■ Available data
[Start of Attachment]

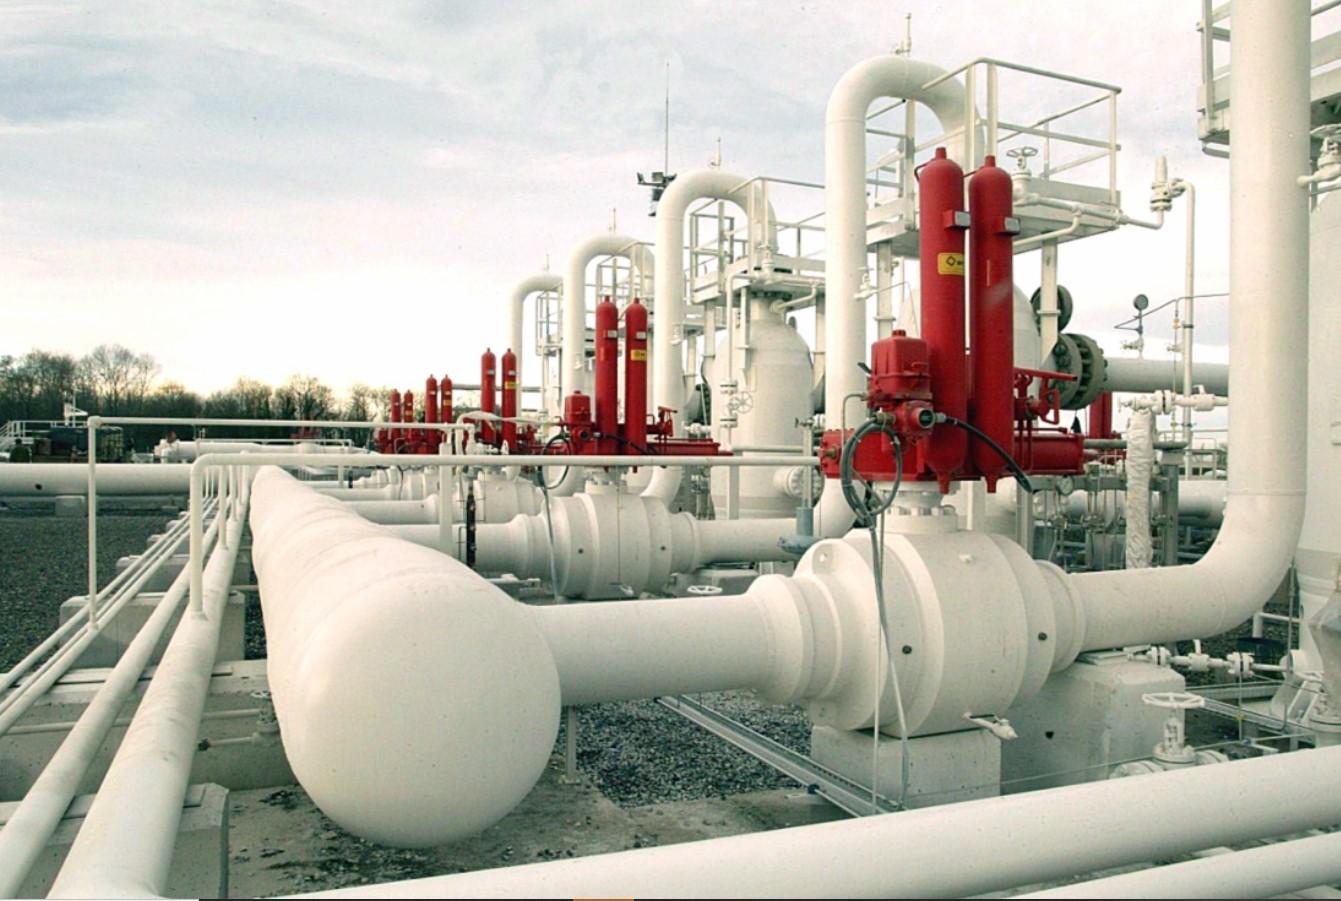 Песков заявил, что Россия не может поставлять газ в Европу сверх контракта
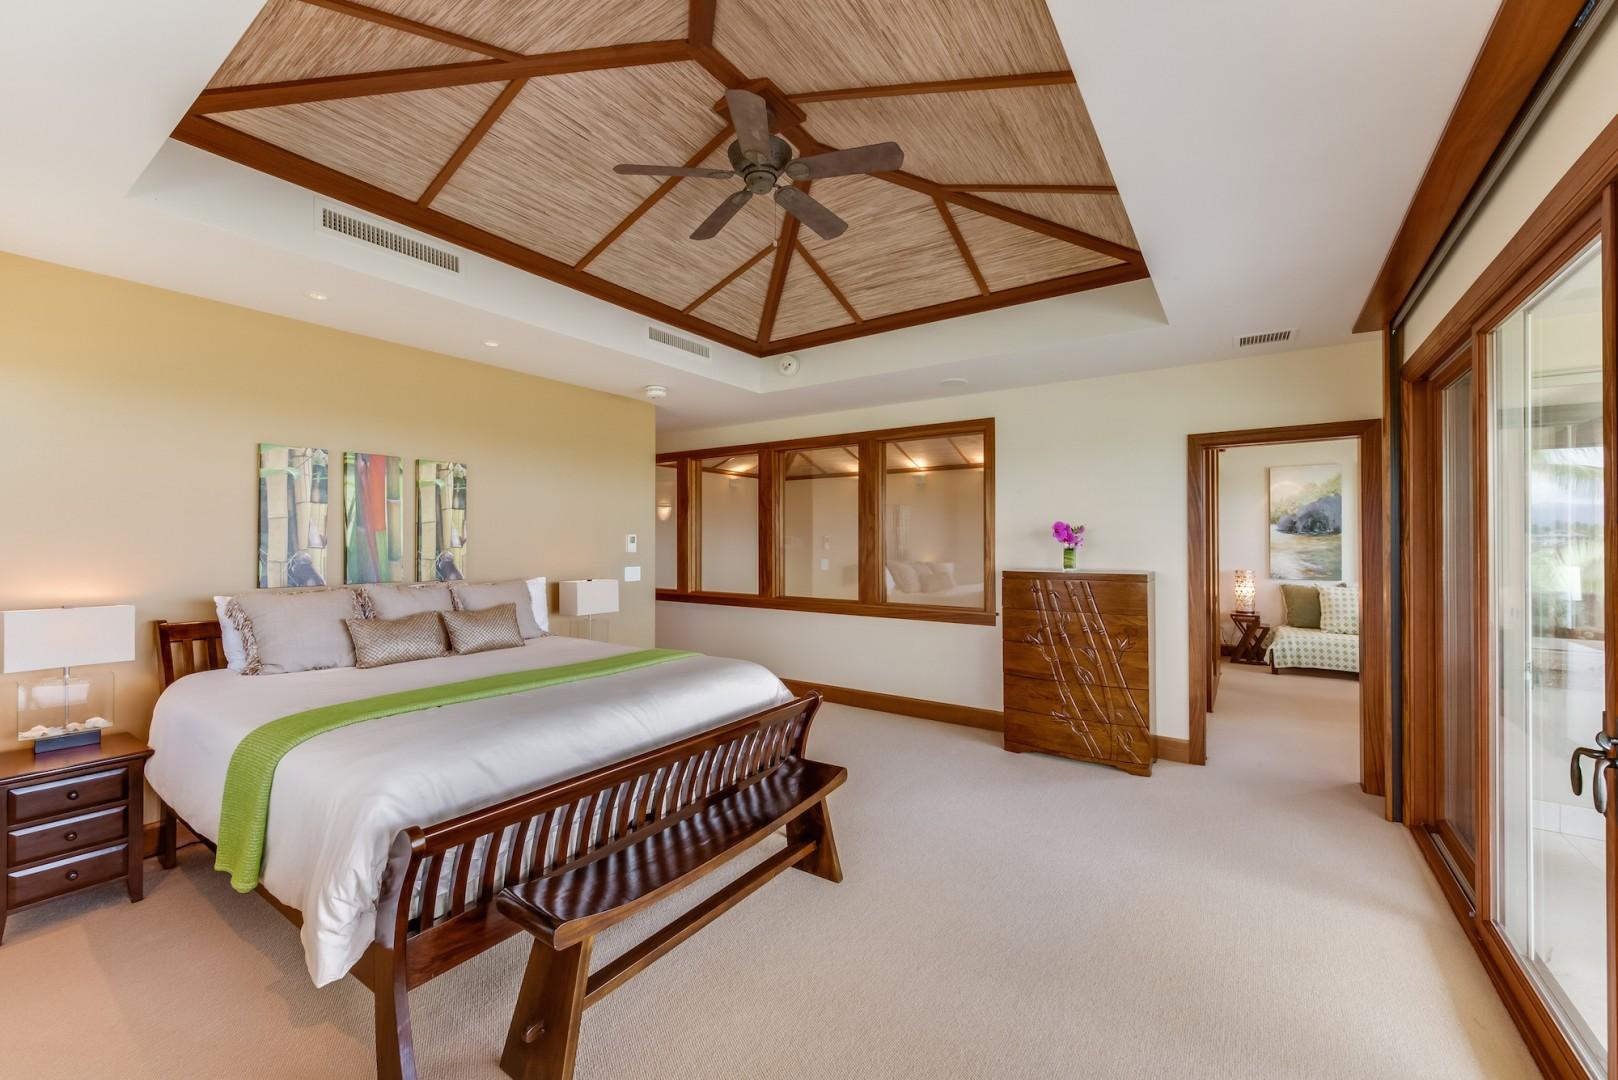 Alternate View of Spacious & Elegant Upstairs Master Bedroom Looking Toward Office
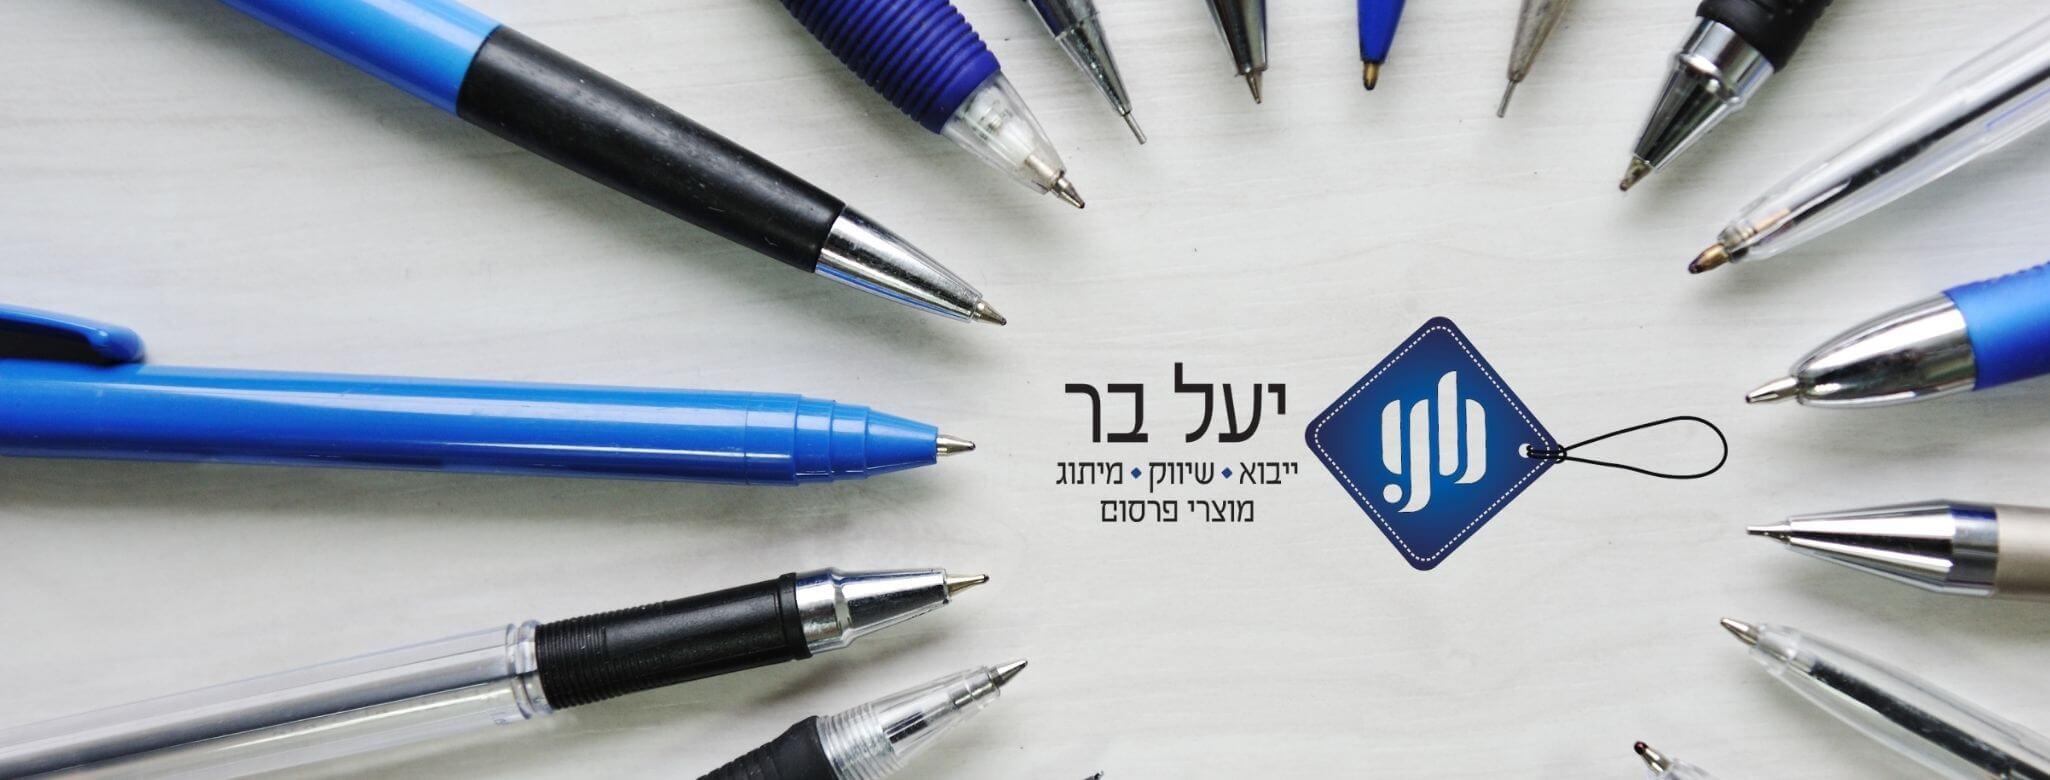 באנר עליון עטים ממותגים - יעל בר
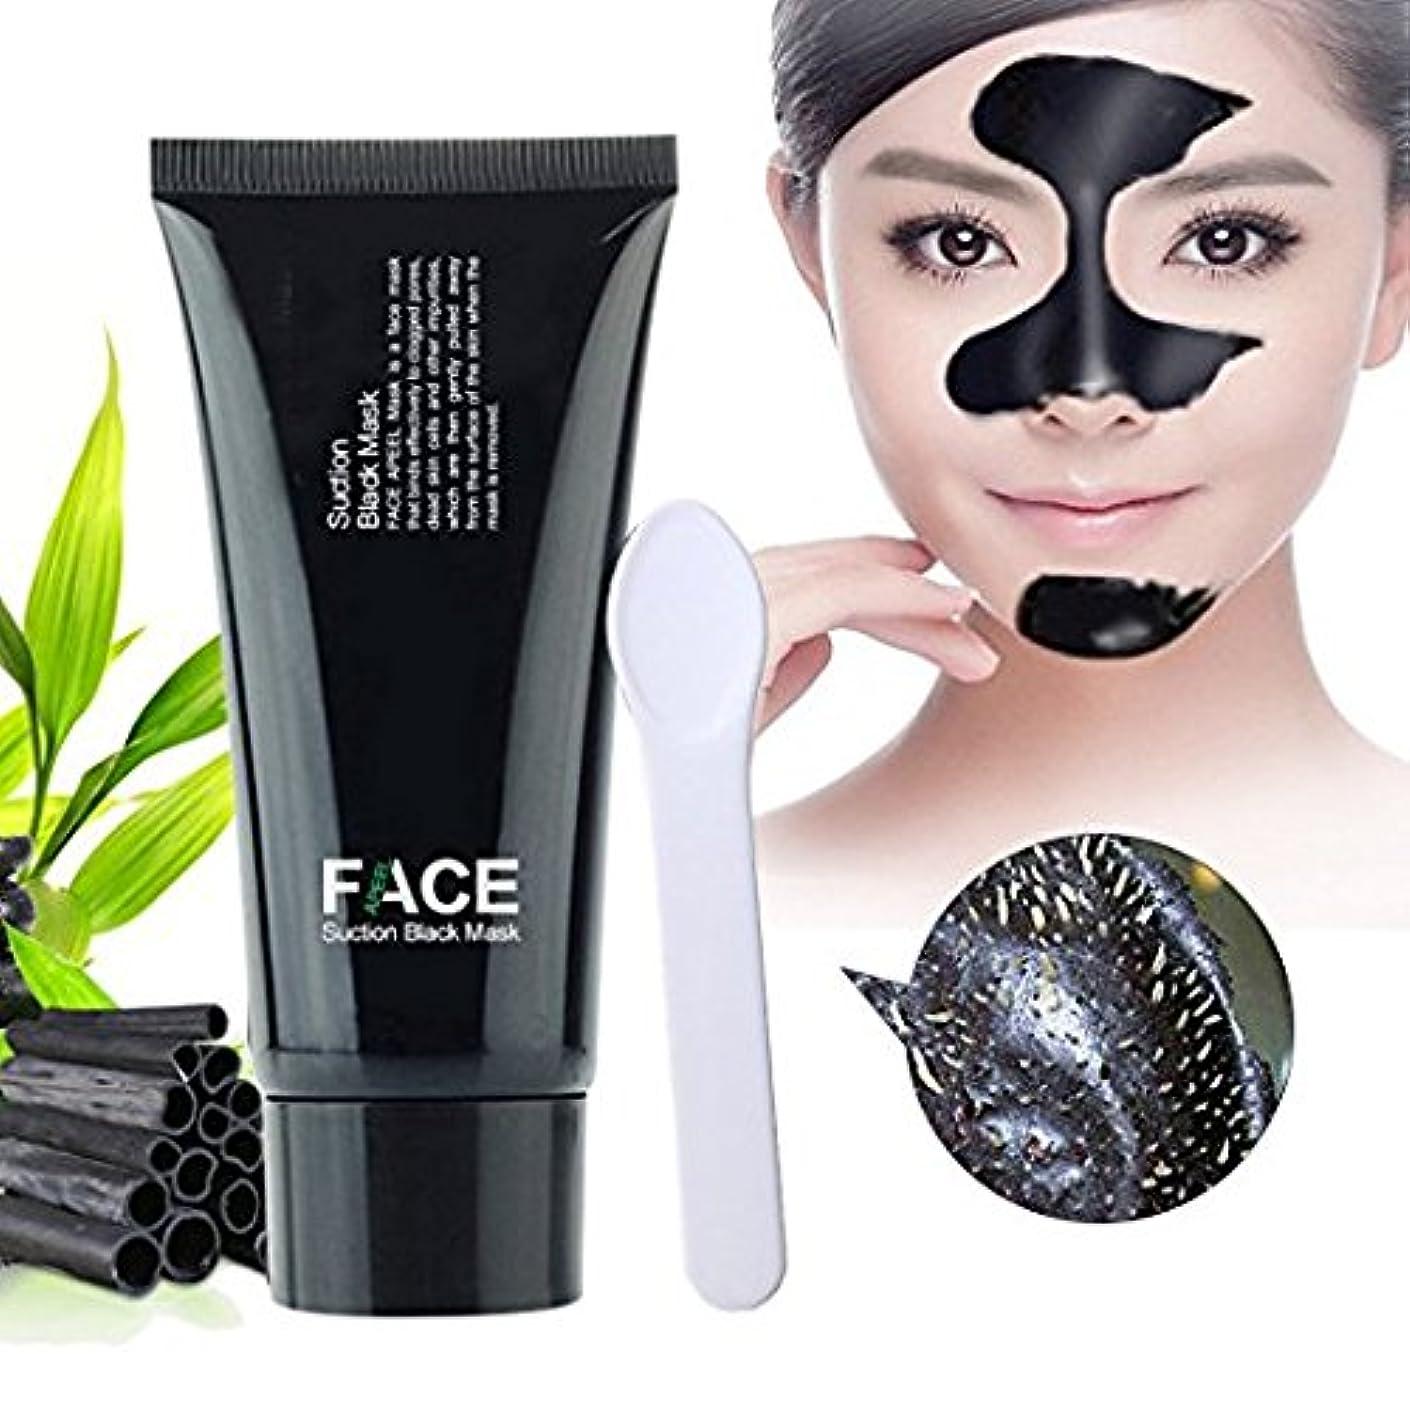 考案する蒸留するとは異なりBlackhead Remover Mask, FaceApeel-Peel Off Black Head Acne Treatments,Face Cleaning Mask+Spoon

[End of Attachment]

A verbatim copy of the data, with all pictures omitted, is the required output.

 Песков заявил, что Россия не может поставлять газ в Европу сверх контракта
 Alternate View of Spacious & Elegant Upstairs Master Bedroom Looking Toward Office
 באנר עליון עטים ממותגים - יעל בר
 考案する蒸留するとは異なりBlackhead Remover Mask, FaceApeel-Peel Off Black Head Acne Treatments,Face Cleaning Mask+Spoon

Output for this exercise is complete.